As the primary indication for corneal transplantation, the pathogenesis of keratoconus remains elusive. Aiming to identify whether any mutation from extracellular-matrix (ECM)-related genes contributes to the patients with sporadic cases of keratoconus (KC) from Chinese Han population, one hundred and fifty-three participants in total were enrolled in our study, including fifty-three KC patients and one hundred healthy controls. Mutational analysis of three ECM-related genes (LOX, COL5A1 and TIMP3) with next-generation sequencing and Sanger sequencing was performed. To further confirm the function of three ECM-related genes in the pathogenesis of keratoconus, we performed Real-time Quantitative PCR in vitro. Results showed that three new sequence variants (c.95 G > A in LOX, c.1372 C > T in COL5A1 and c.476 C > T in TIMP3) were identified in aforementioned ECM-related genes in KC patients without being detected among the healthy controls.
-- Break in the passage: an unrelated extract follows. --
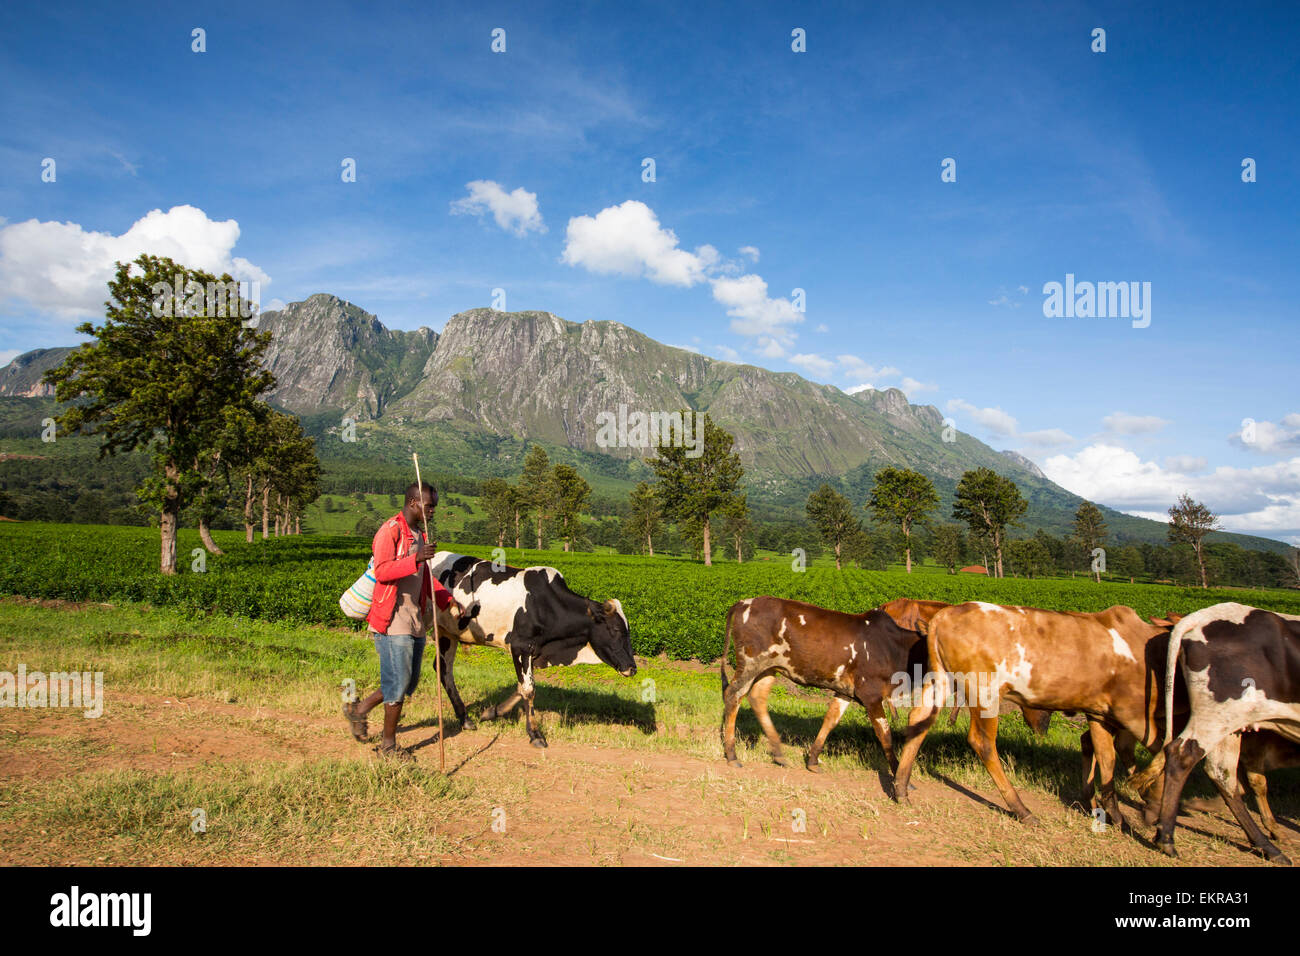 Tea plantations on the lower slopes of Mount Mulanje in Malawi, Africa, with a farmer herding his cows. Stock Photo

According to the results of QPCR, we found that the expression levels of LOX and TIMP3 were decreased in the KC patients, while COL5A1 showed no significant difference of expression. This is the first time to screen so many ECM-related genes in Chinese keratoconus patients using next-generation sequencing. We find numerous underlying causal variants, enlarging lots of mutation spectrums and thus providing new sites for other investigators to replicate and for further research.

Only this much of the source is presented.